The agents have a behavior model which allows the evolutionary process to modify the behaviors of the predators and prey. Furthermore, there is a speciation mechanism which allows to study global patterns as well as species-specific patterns. In EcoSim, an individual's genomic data codes for its behavioral model and is represented by a fuzzy cognitive map (FCM). The FCM contains sensory concepts such as foodClose or predatorClose, internal states such as fear or hunger, and motor concepts such as escape or reproduce. The FCM is represented as an array of floating-point values which represent the extent to which one concept influences another. For example, it would be expected that the sensory concept predatorClose would positively affect the internal concept fear, which would then positively affect the escape motor concept. These relationships among concepts evolve over time, sometimes giving a new meaning to a concept. Furthermore, the FCM is heritable, meaning that a new agent is given an FCM which is a combination of that of its parents with possible mutations.

EcoSim subscribes to the “genotypic cluster” definition of a species. [5] Speciation has been implemented using a 2-means clustering algorithm technique designed to allow the splitting of an existing species into two species, by clustering the individuals that initially belonged to the first species into one of the new two species, each one of them containing the agents that are mutually the most similar. Since EcoSim has the capacity to allow speciation events to occur, it is possible to track speciation events throughout a run of the simulation and construct the actual phylogenetic tree. [6]

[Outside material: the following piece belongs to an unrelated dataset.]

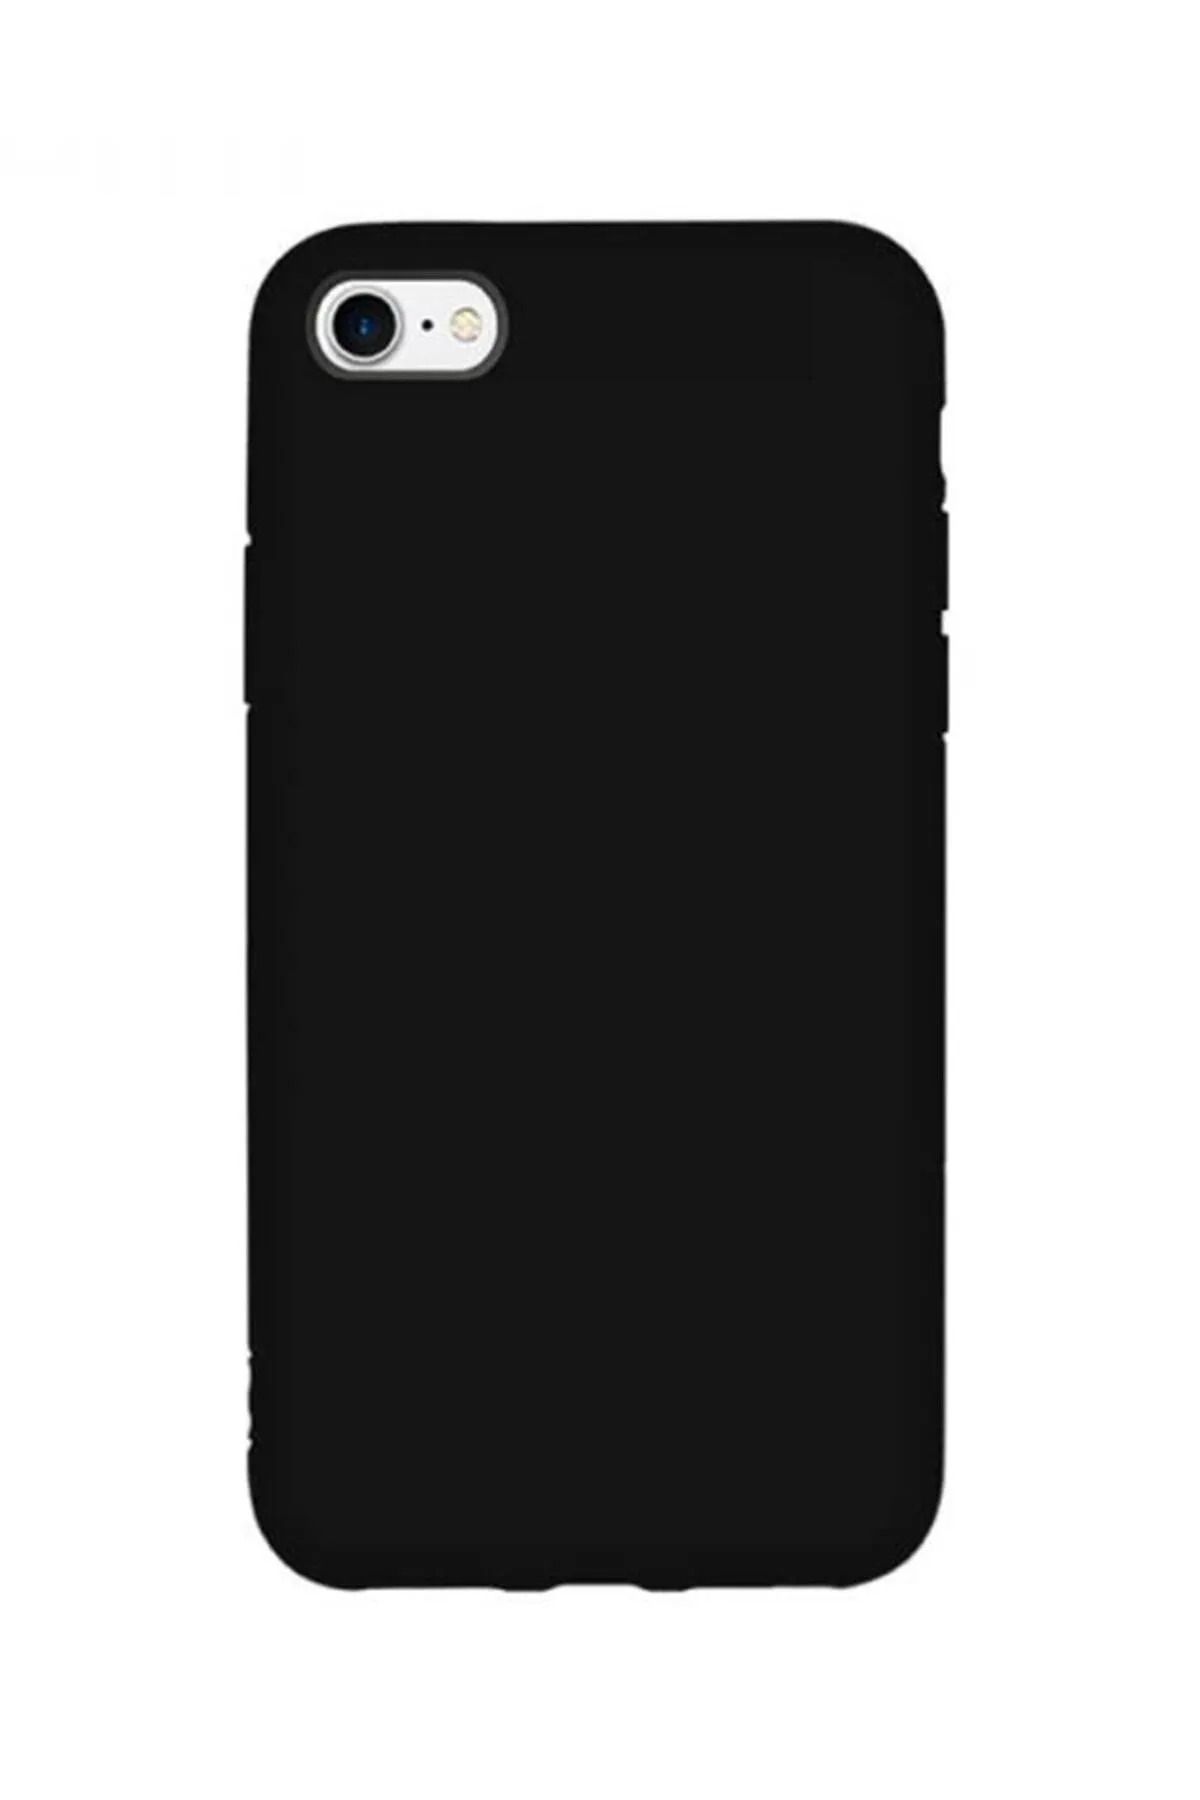 KVK PRİVACY Apple Iphone 7 / 8 / Se 2020 Uyumlu Içi Kadife Lansman Silikon Kılıf Kapak Siyah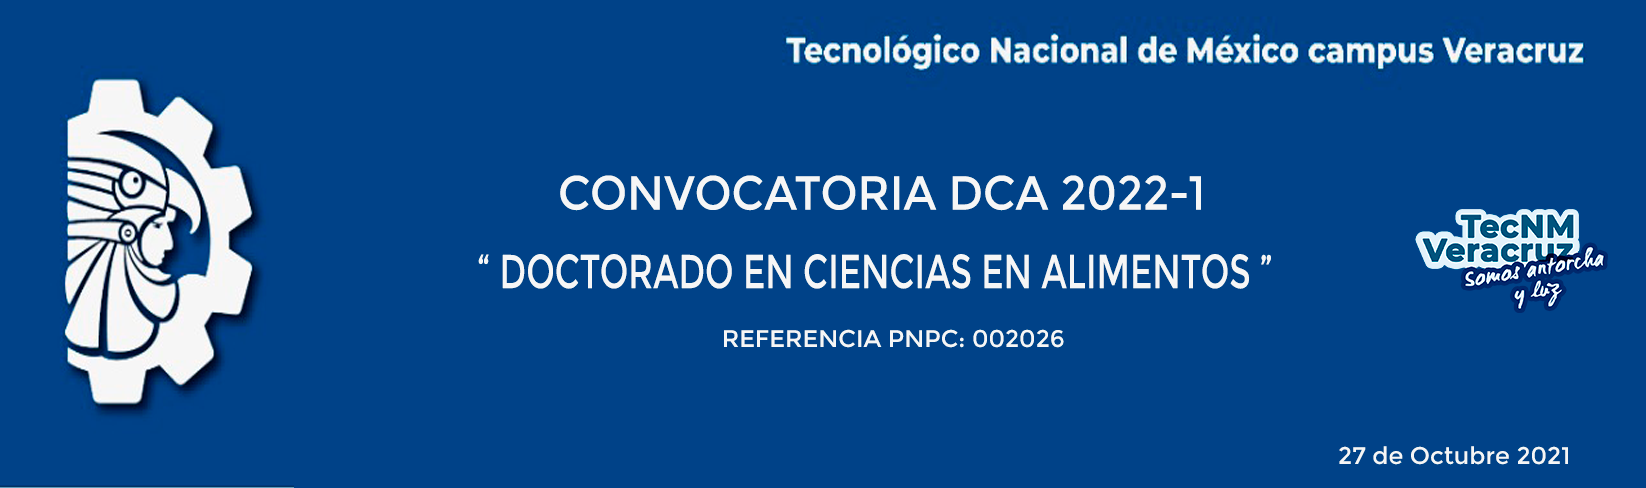 CONVOCATORIA DCA 2022-1 DOCTORADO EN CIENCIAS EN ALIMENTOS

Each agent also possesses several physical characteristics such as: maximum and current ages, minimum age for mating, maximum and current speeds, vision distance, maximum and current levels of energy, and the amount of energy transmitted to the offspring. Energy is provided to individuals by the resources (grass or meat) they find in their environment. An agent consumes some energy each time it performs an action and proportionally to the complexity (number of edges) of its FCM. If an individual uses all its energy, it dies.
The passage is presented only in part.